В глазах Ивана вдруг взметнулись острые искорки. Игра заходила слишком далеко: он начинал уже не на шутку растравлять себя и, словно поняв это, переменил тон:

   – Я добрые ваши дела кладу себе в память, а худые вам и самим не пристало бы помнить да отговариваться ими. Не тако ли?

   – Так, государь.

   – И не прощаю тебе... Не прощаю! – сорвался-таки Иван. – Не дерзость твою не прощаю, а неразумие твоё. Неразумие! – ткнул он пальцем чуть ли не в самые глаза Висковатого. – Уж тебе-то с твоим умом самому уразуметь нужно было: должен ты быть иль нет! – зашипел он, сходя на свирепый шёпот. – Ежели сам не желал вложить во языцы злорадную притчу, должен был уразуметь!

Висковатый невольно вскинул на него глаза: он вмиг понял всё, но глаза его, устремлённые на Ивана, были полны удивления: как, в самом деле, он сразу не догадался, что Иван потому и был так настойчив, что боялся, как бы кто-то, «в злобесье», не подумал, будто он разошёлся уже и с дьяками.

Иван тоже впился в него взглядом, но, несмотря на всю суровость, было в его глазах что-то заговорщицкое, какая-то еле уловимая доверительность, основанная на их тайной общности. 0н как бы открывал себя этим взглядом и удостоверял эту общность.

Висковатый не нашёлся, что ответить. Искреннее удивление сменилось в нём столь же искренней удручённостью и явным чувством вины и даже стыда: сам себе он и вовсе не мог простить того, что не прощал ему Иван.

– Ладно, чего ни к пути, ни к делу речи плодить. Садись, дьяк, в седло, едем! неожиданно и сразу отступился Иван, видя, что добился своего, хотя, конечно, понимал и, быть может, в глубине души был даже уязвлён, что добился этого совсем не тем, чем рассчитывал добиться. Эта уязвлённость, которую он, несомненно, не хотел выдать, могла и принудить его отказать себе в удовольствии подольше потерзать дьяка.

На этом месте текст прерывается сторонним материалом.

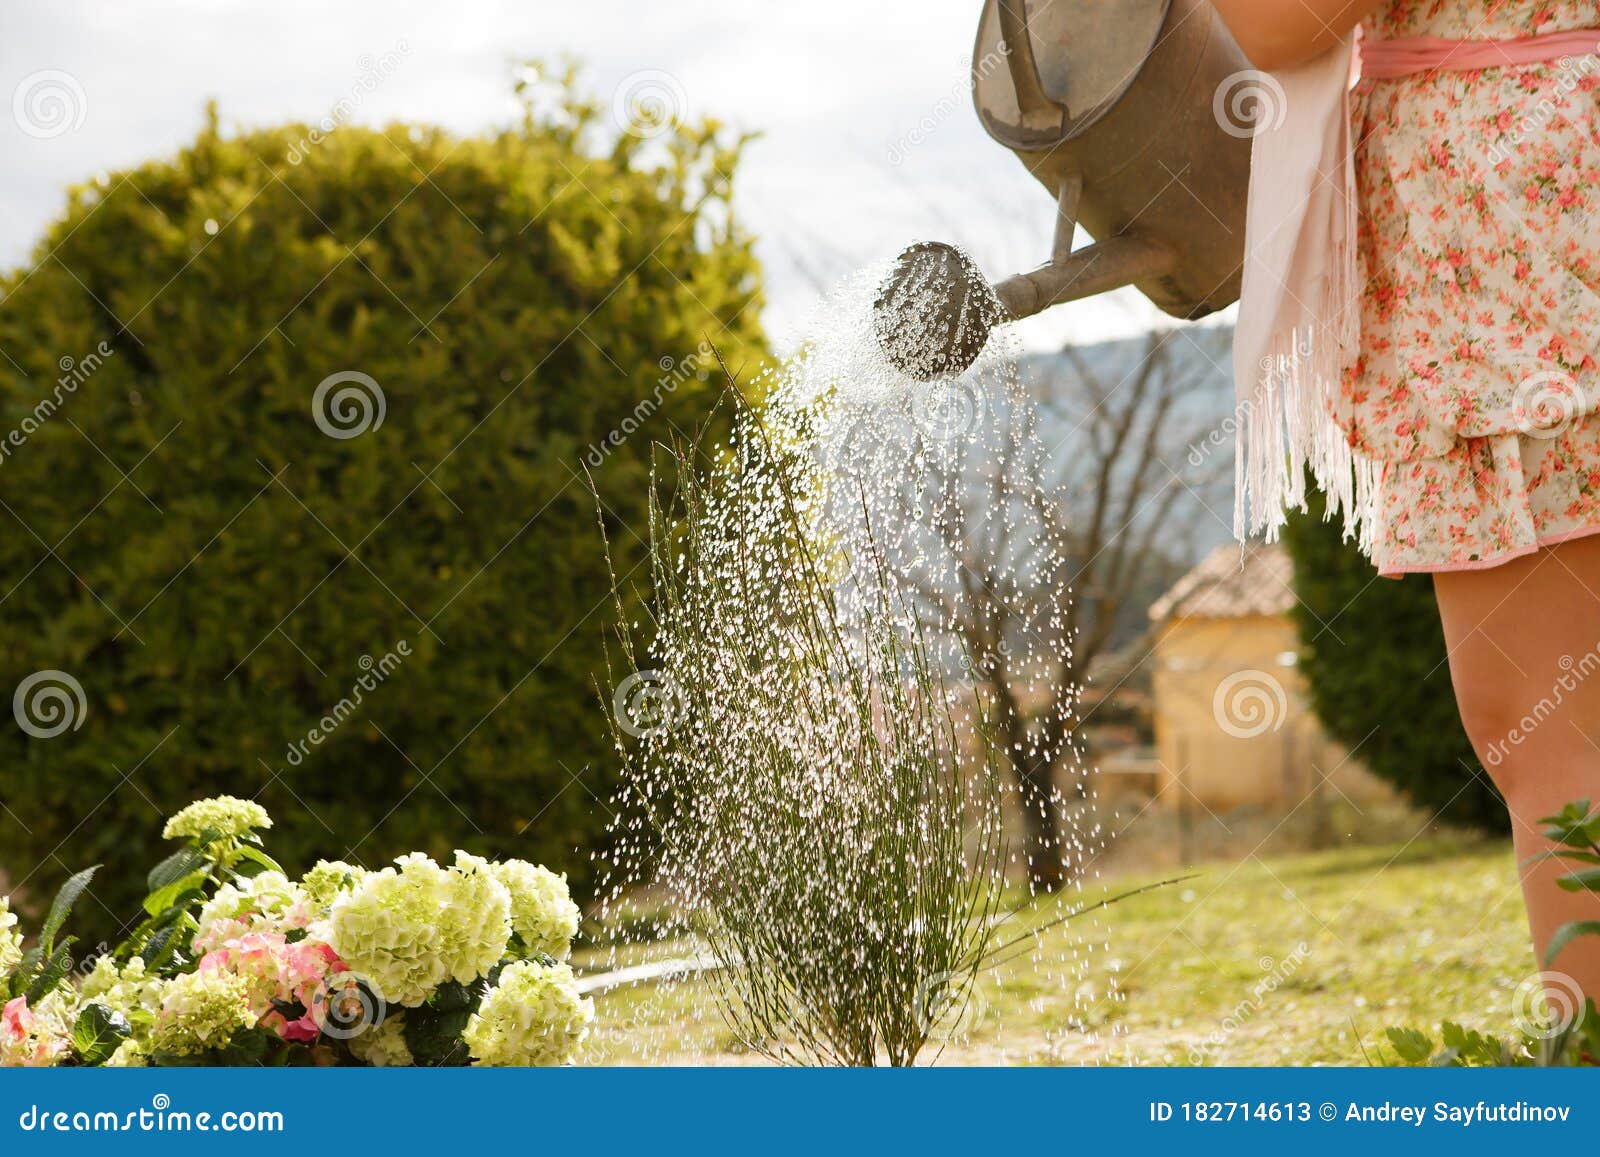 watering can for watering flowers in hands of girl

Сели на коней. Увидев рядом с Иваном вместе с Мстиславским и Челядниным и старого Басманова, Висковатый понял, что на нынешний выезд разряд не писан и указано «быти без мест». Иван и сам не замедлил сказать ему об этом, повелев быть «близко». Когда Иван указывает «быти без мест», тогда он сам, смотря какая в ком станет нужда, распределяет, кому быть «ошую» или «одесную», кому «близко», а кому «дальше», и в этом случае «близко» или «дальше» чести нисколько не возвышает и не ущемляет и в местнических счетах не учитывается. Но быть «близко» всё же почётней, ибо это означает быть от царя на таком расстоянии, когда можешь слушать его беседу и даже принимать в ней участие, если тот изволит к тебе обратиться. Однако в любом случае боярин никогда не бывает дальше окольничего, а окольничий дальше дьяка.

Бояре, ехавшие позади царя, неохотно потеснились, уступая место Висковатому. Тут же, рядом с боярами, уже были и Вяземский, и окольничий Зайцев, и Михайло Темрюк, и Федька Басманов, и Васька Грязной, был тут и новый царский любимец и особин, привезённый им из полоцкого похода, – Малюта Скуратов. Держался он, не в пример всем остальным – тому же Федьке Басманову или Грязному, – совсем скромно, незаметно. Висковатому показалось, что он как будто даже стыдится быть на виду у всех. Малюта и в самом деле редко появлялся на людях: не видели его ни на пирах, ни в церкви на литургиях, да и во дворце, где в обычай толклись все царские любимцы и приспешники, его тоже не часто можно было встретить. Висковатый и сам видел его мельком раза два, не больше. Чувствовалось, что этот человек почему-то стремится остаться в тени, не напоминать о себе, но, несмотря на это и вопреки этому, молва о нём распространилась уже по всей Москве и проникла во все слои её населения – от вельможных до самого худого простонародья. Имя его поминали в думе, в приказах, в кабаках, на торгу, и поэтому казалось, что он незримо присутствует всюду.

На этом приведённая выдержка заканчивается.